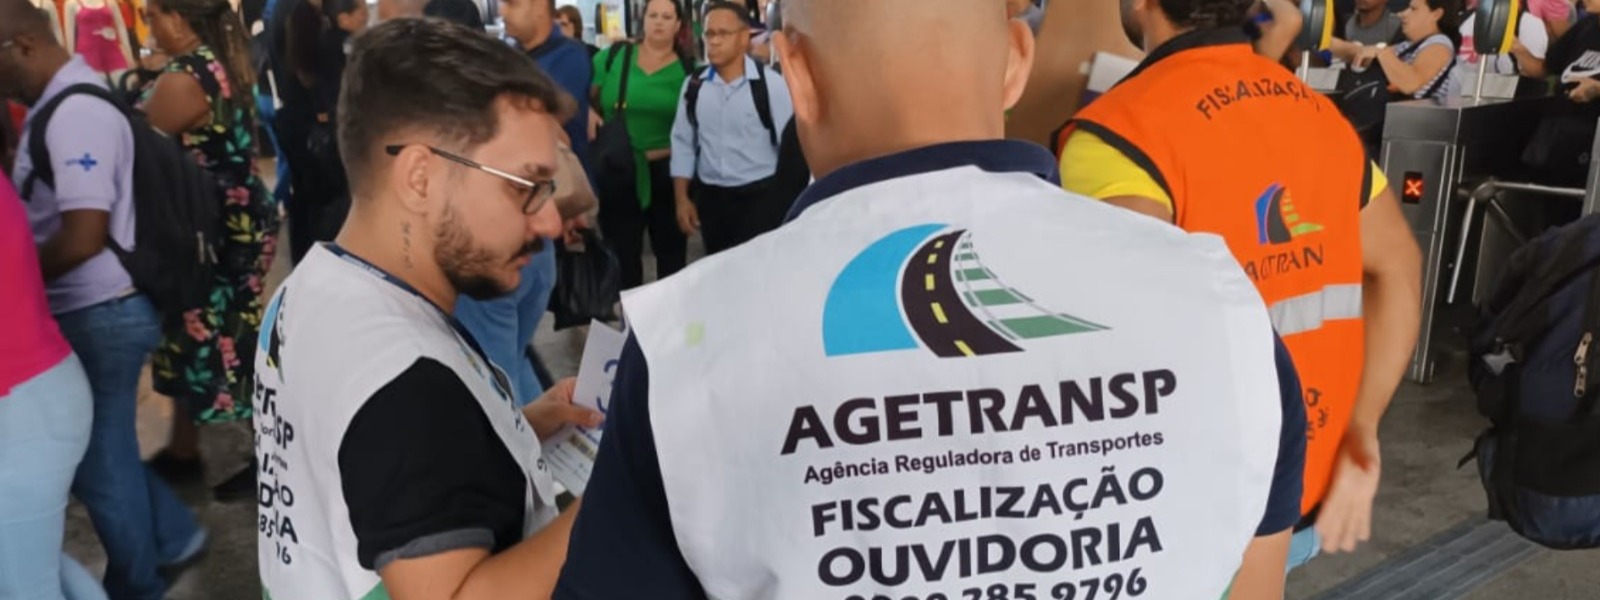 Agetransp leva Ouvidoria Itinerante para estações do Metrô e Supervia
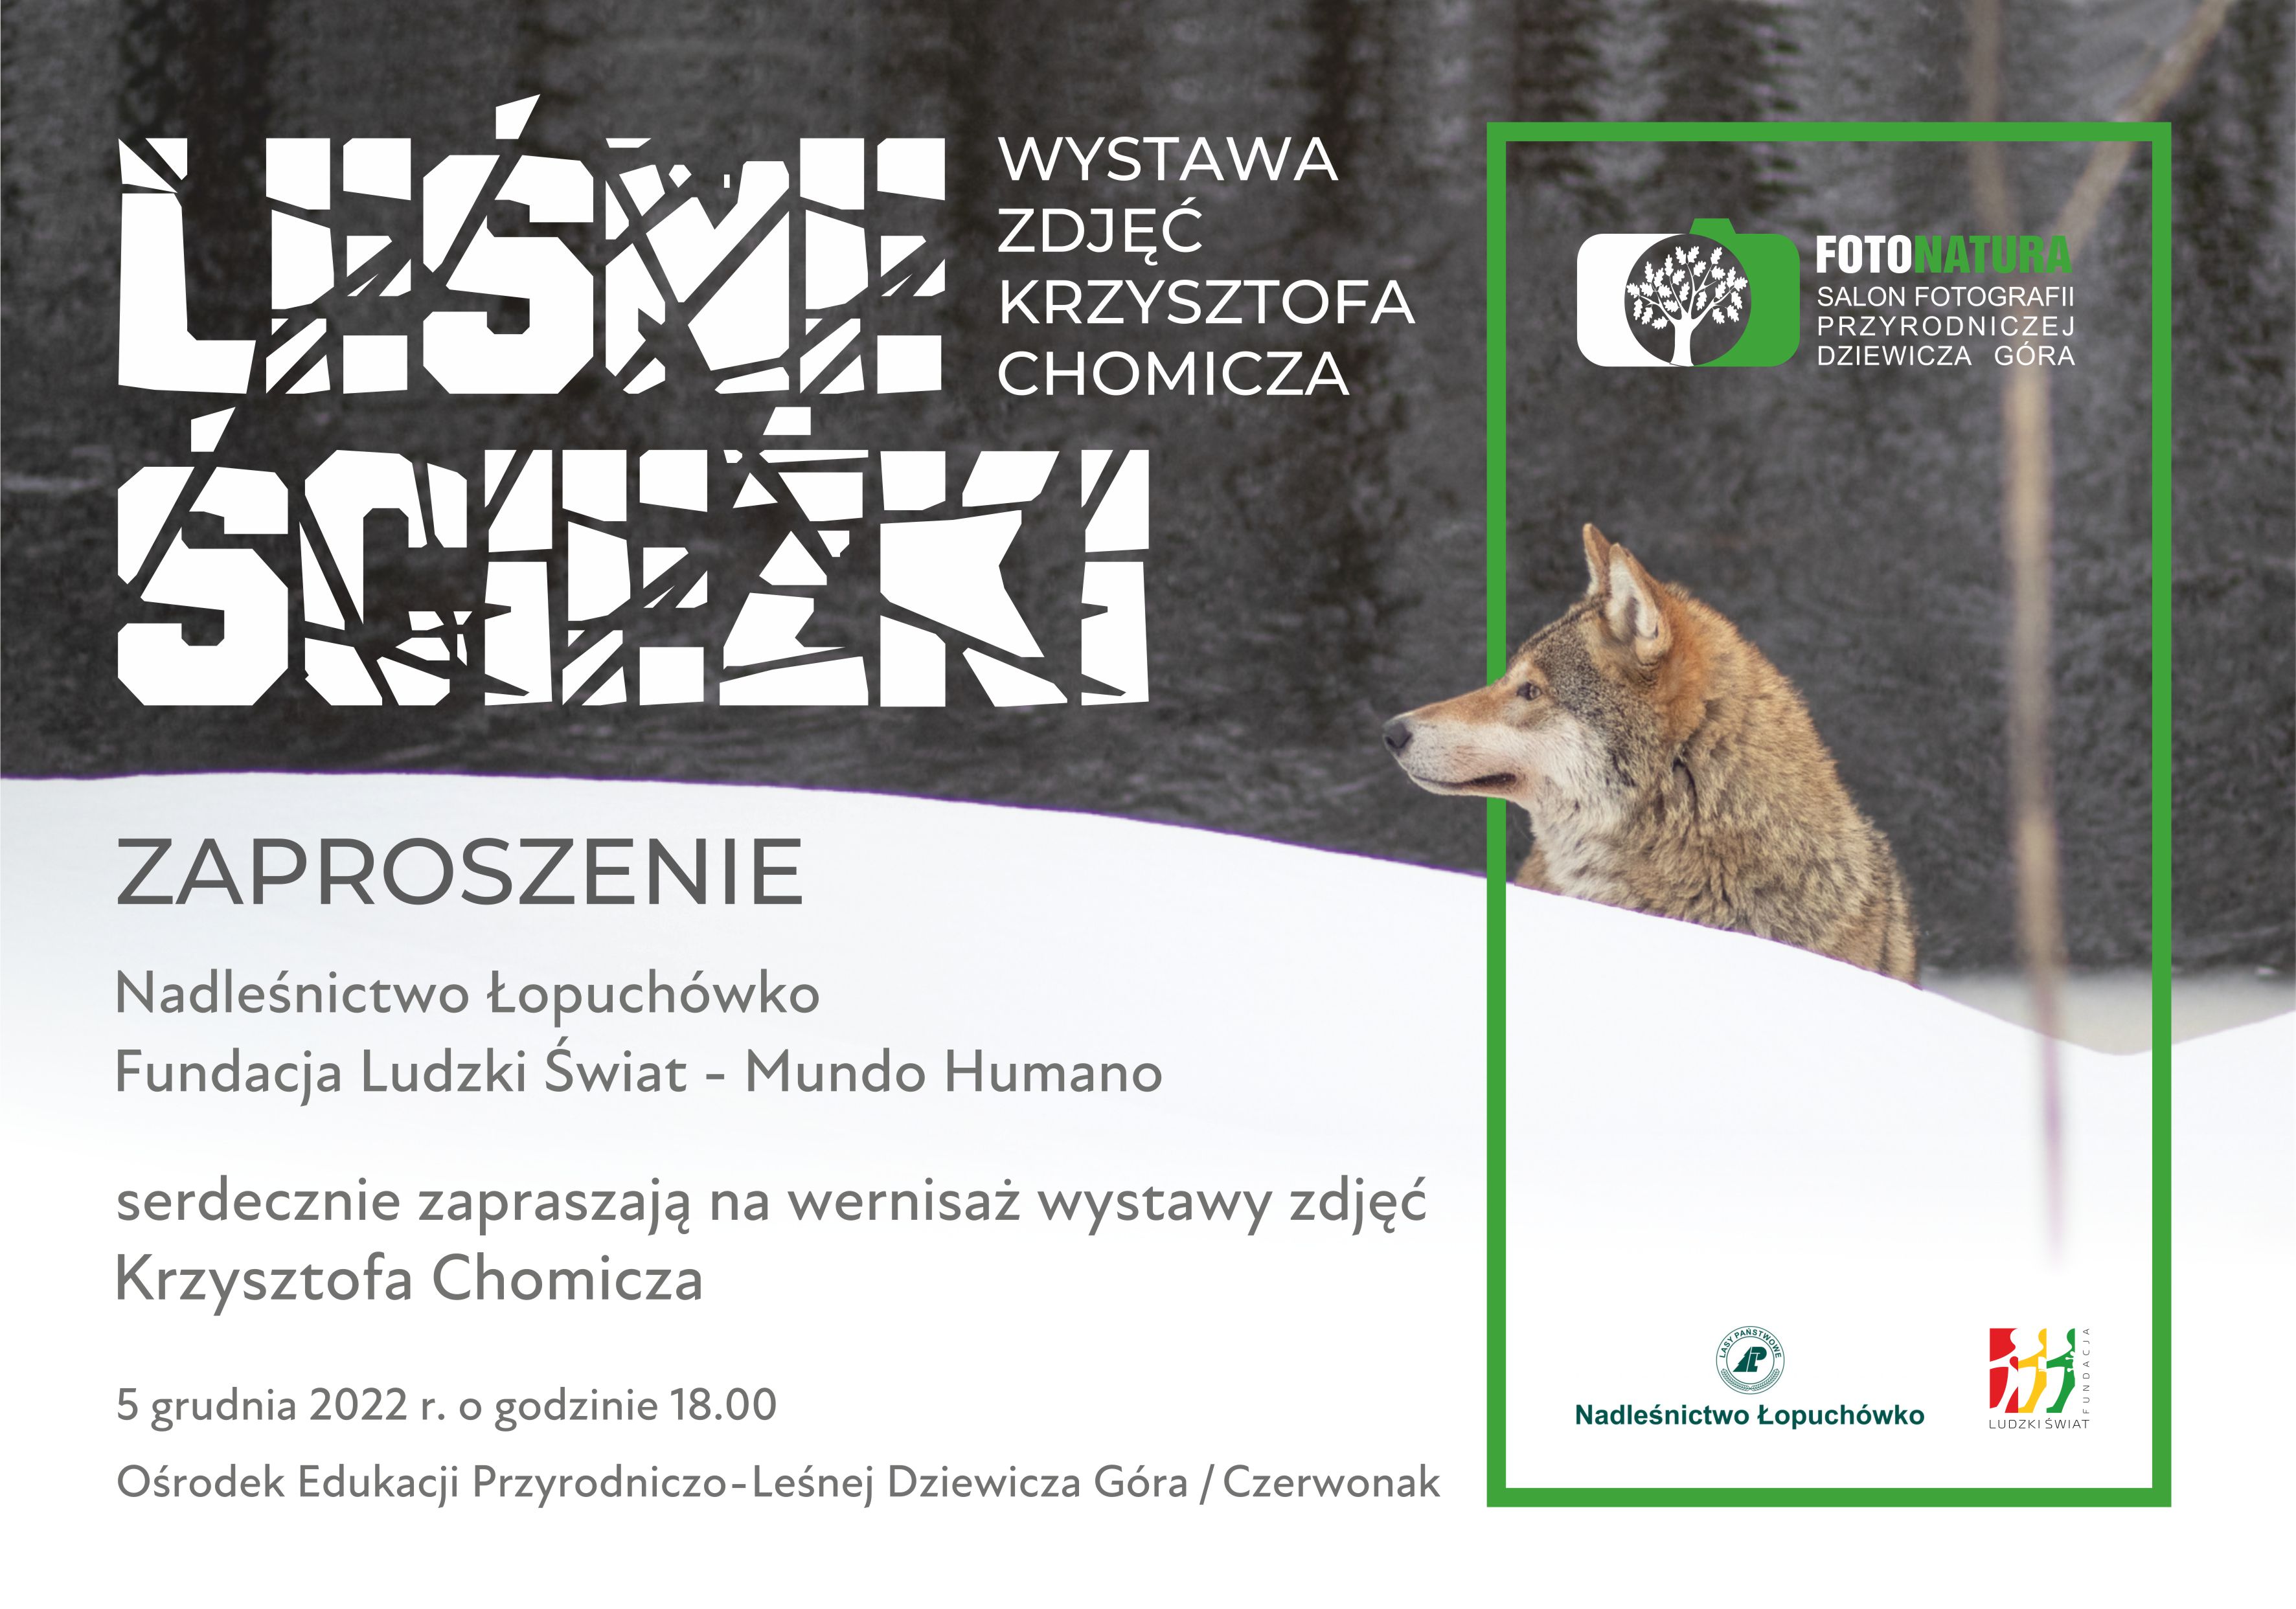 Zdjęcie przedstawia zaproszenie na wystawę zdjęć Krzysztofa Chomicza. Źródło: Nadleśnictwo Łopuchówko
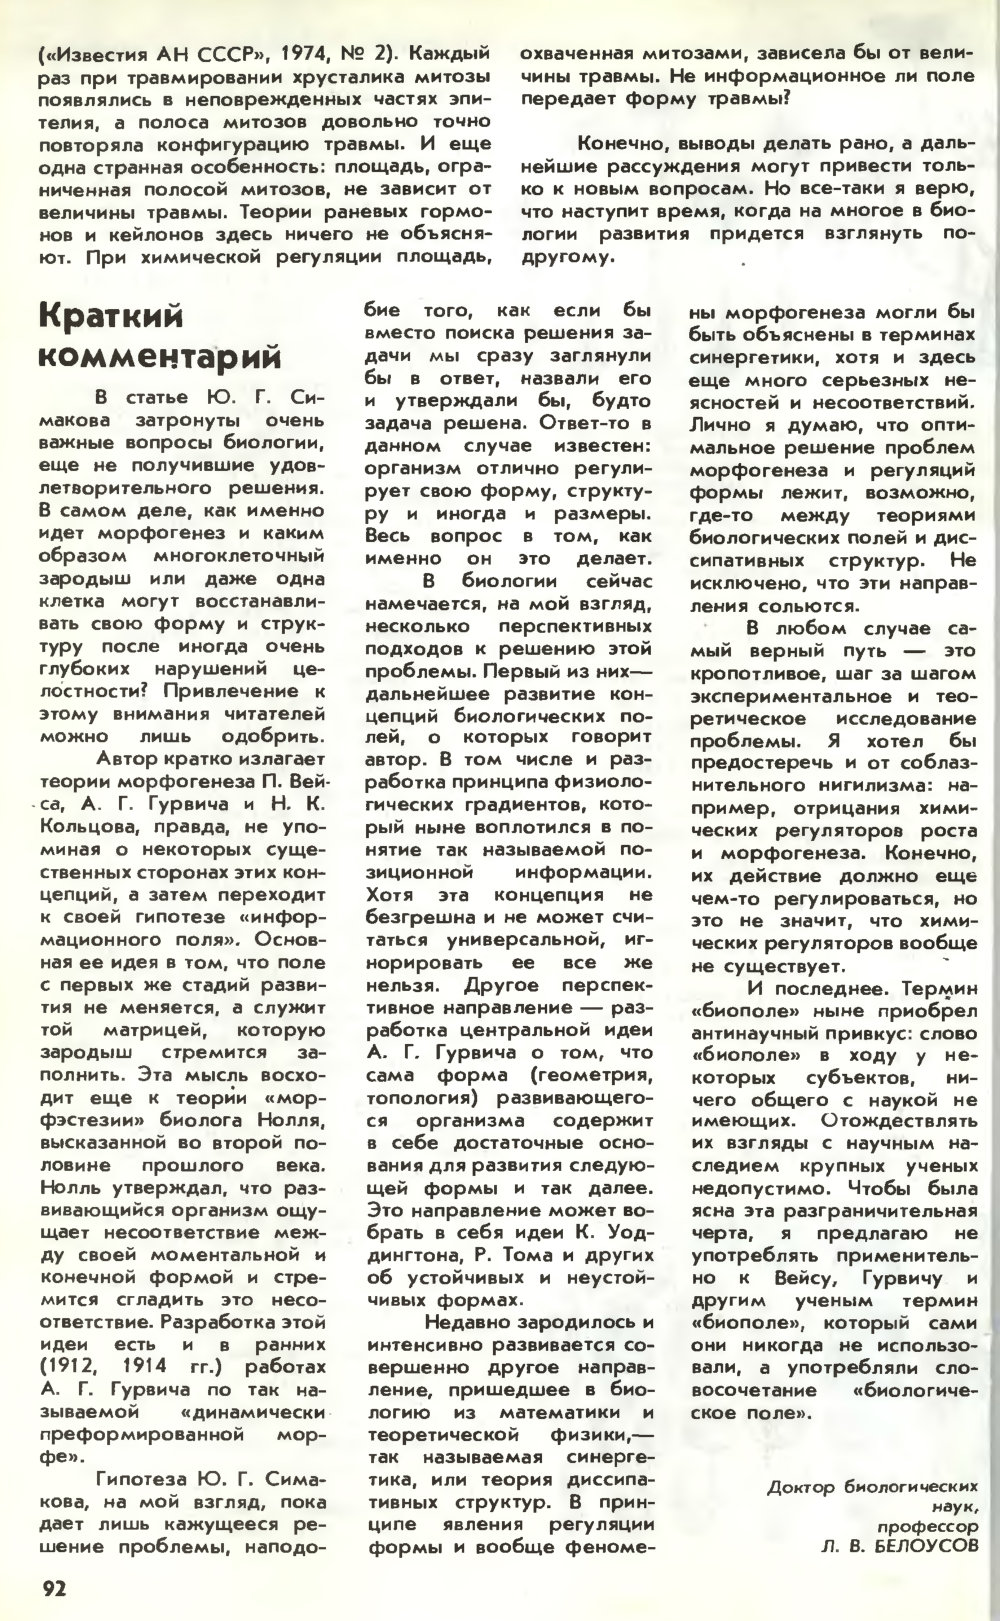 Информационное поле жизни. Ю. Симаков. Химия и жизнь, 1983, №3, с.88-92. Фотокопия №5

- **PROBLEM TO WORK ON**: Output exactly the lines from the one that has "Zdjęcie przedstawia zaproszenie" through the end of the data. Do not include pictures.

- **ANSWER FOR THE TASK**:
 Zdjęcie przedstawia zaproszenie na wystawę zdjęć Krzysztofa Chomicza. Źródło: Nadleśnictwo Łopuchówko
 Информационное поле жизни. Ю. Симаков. Химия и жизнь, 1983, №3, с.88-92. Фотокопия №5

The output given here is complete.